Supplied material:
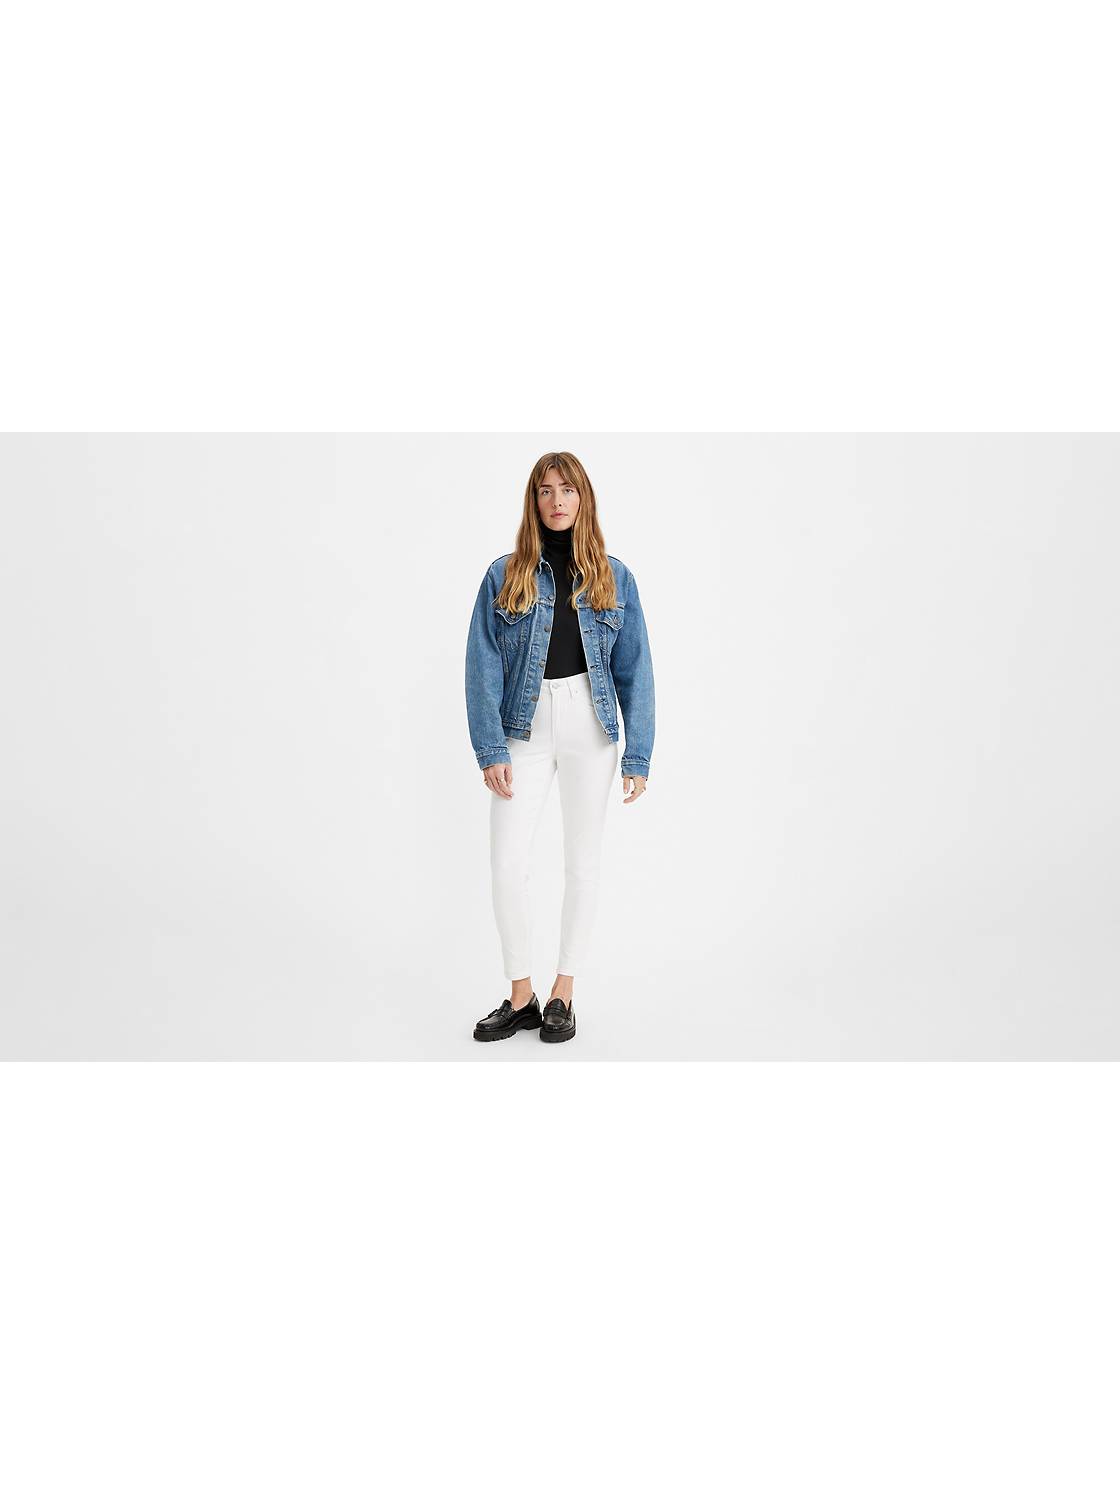 A tientas Acercarse líder Tall Women's Jeans: Women's Tall Skinny Jeans & More | Levi's® US
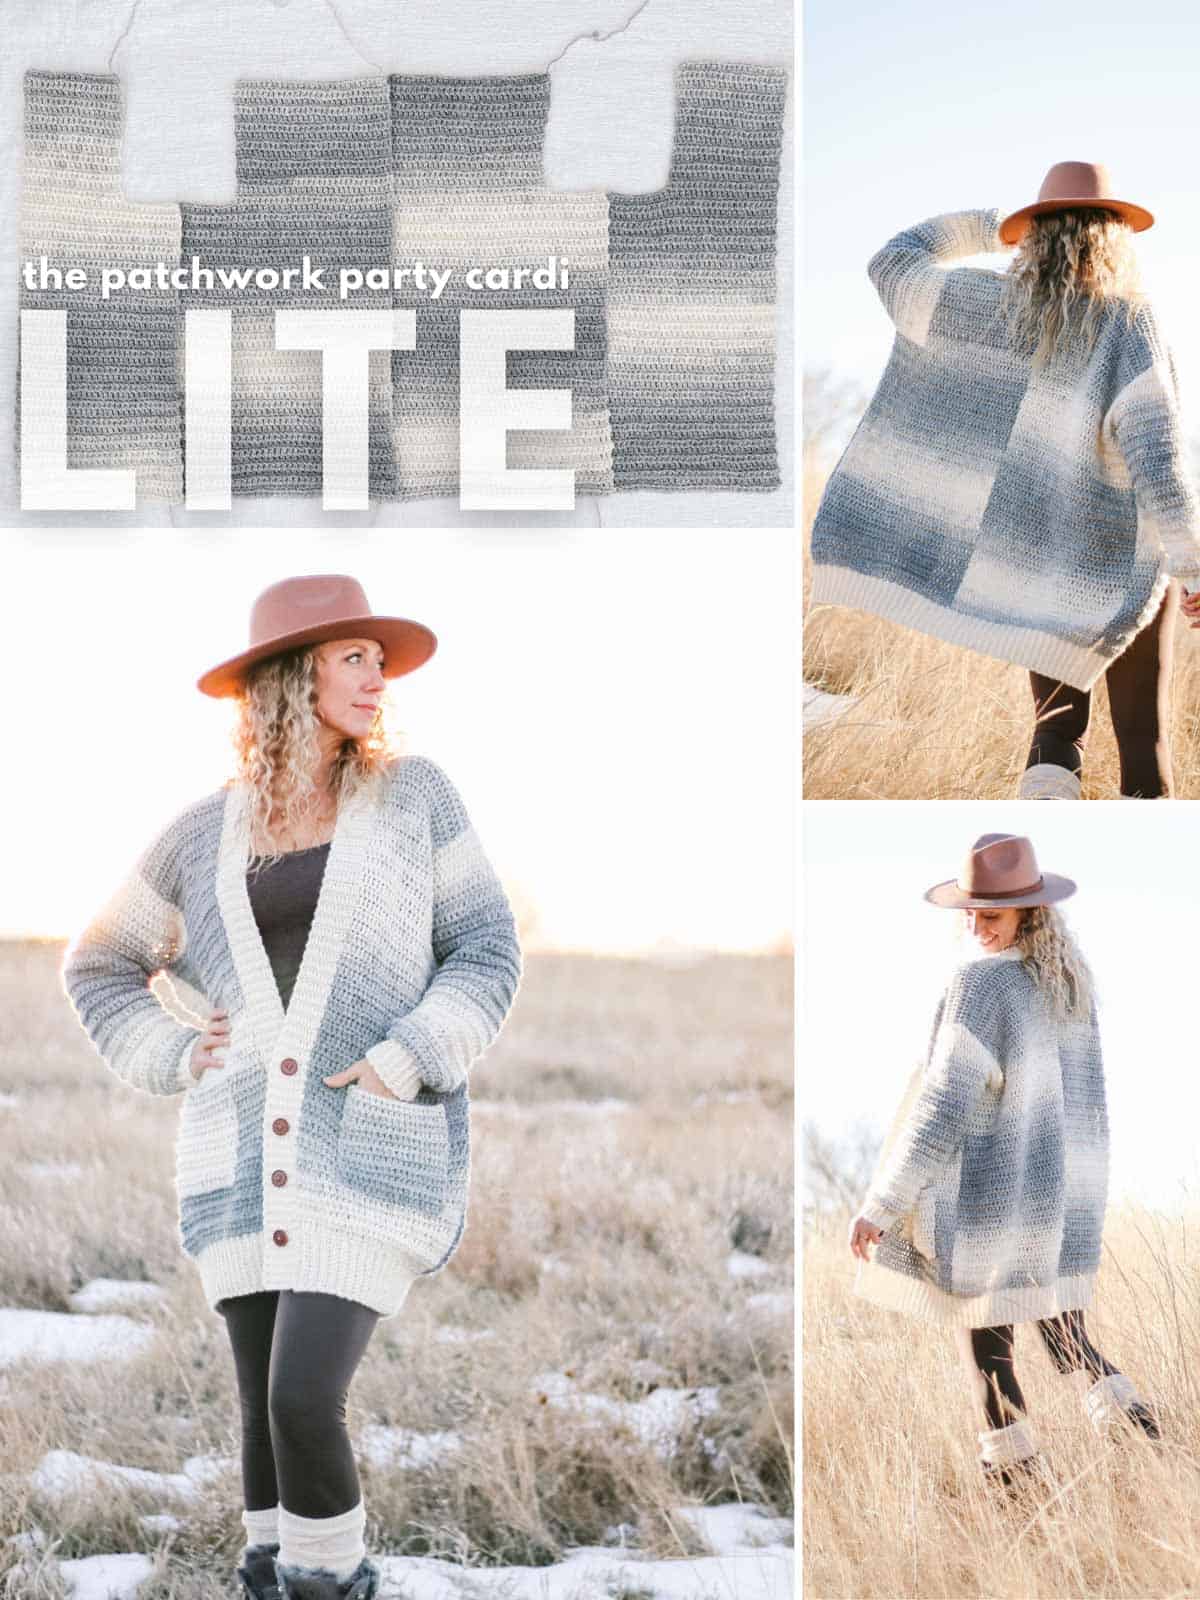 This photo is a grid of four images. The images are showing a blonde woman standing in a grassy, snowy field. She is wearing a gray and white ombré button up crochet cardigan with black leggings, snow boots and a brown hat. There is one tutorial photo showing how the crochet cardigan is made from simple rectangles.
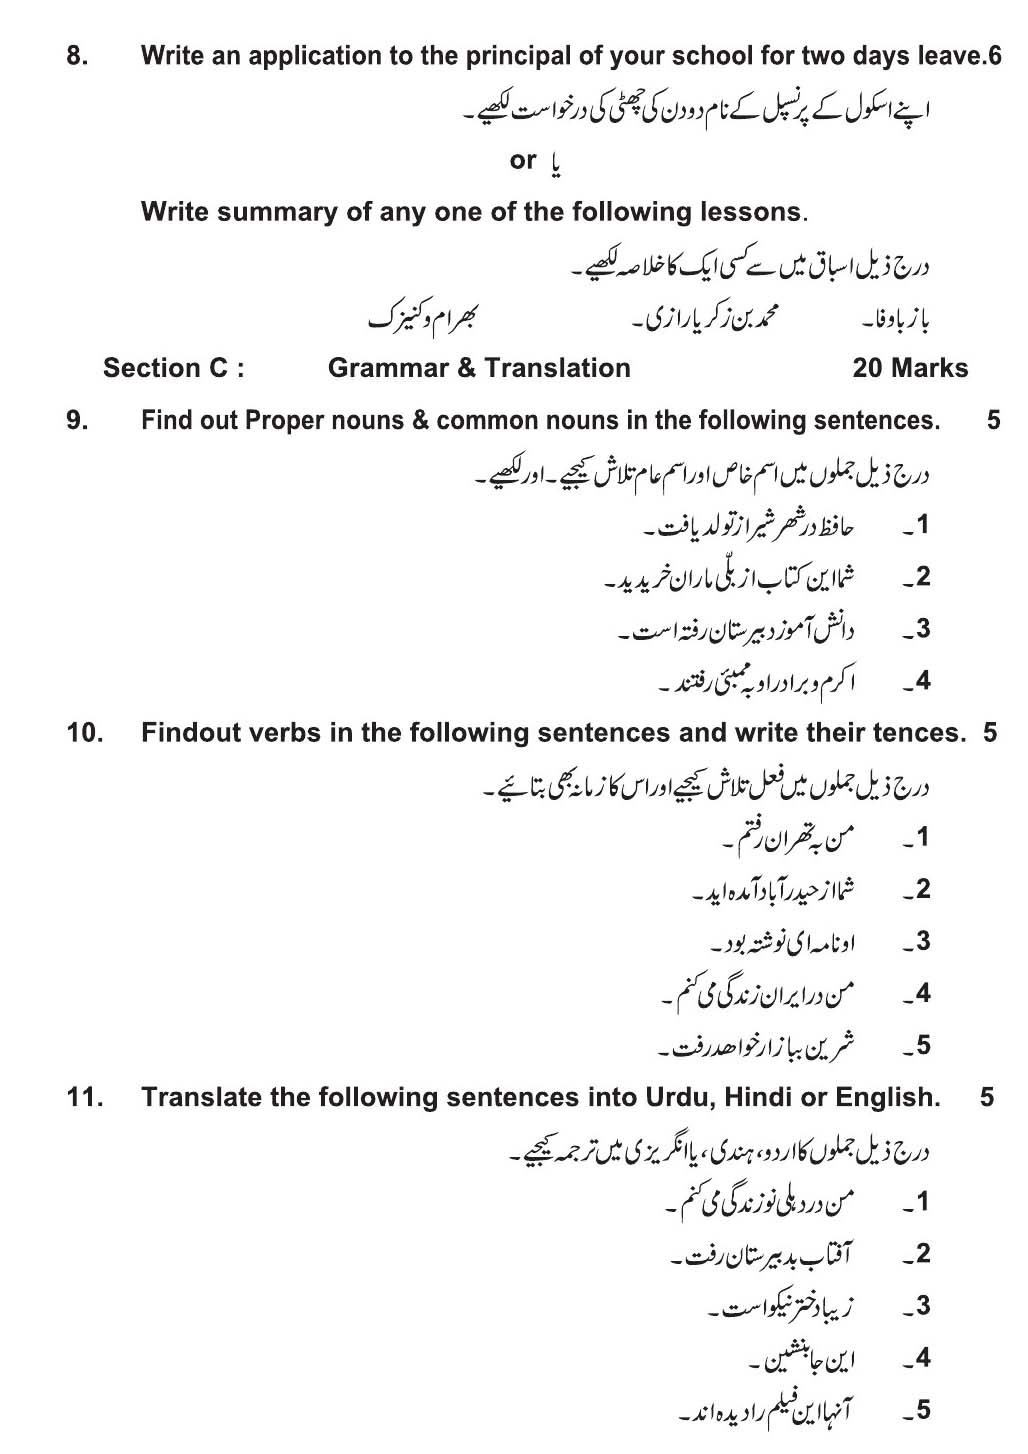 Persian CBSE Class X Sample Question Paper 2018-19 - Image 2

Aim of the task: Leave the images out and output the remaining material exactly as it stands.

Task solution:
 A tientas Acercarse líder Tall Women's Jeans: Women's Tall Skinny Jeans & More | Levi's® US
 This photo is a grid of four images. The images are showing a blonde woman standing in a grassy, snowy field. She is wearing a gray and white ombré button up crochet cardigan with black leggings, snow boots and a brown hat. There is one tutorial photo showing how the crochet cardigan is made from simple rectangles.
 Persian CBSE Class X Sample Question Paper 2018-19 - Image 2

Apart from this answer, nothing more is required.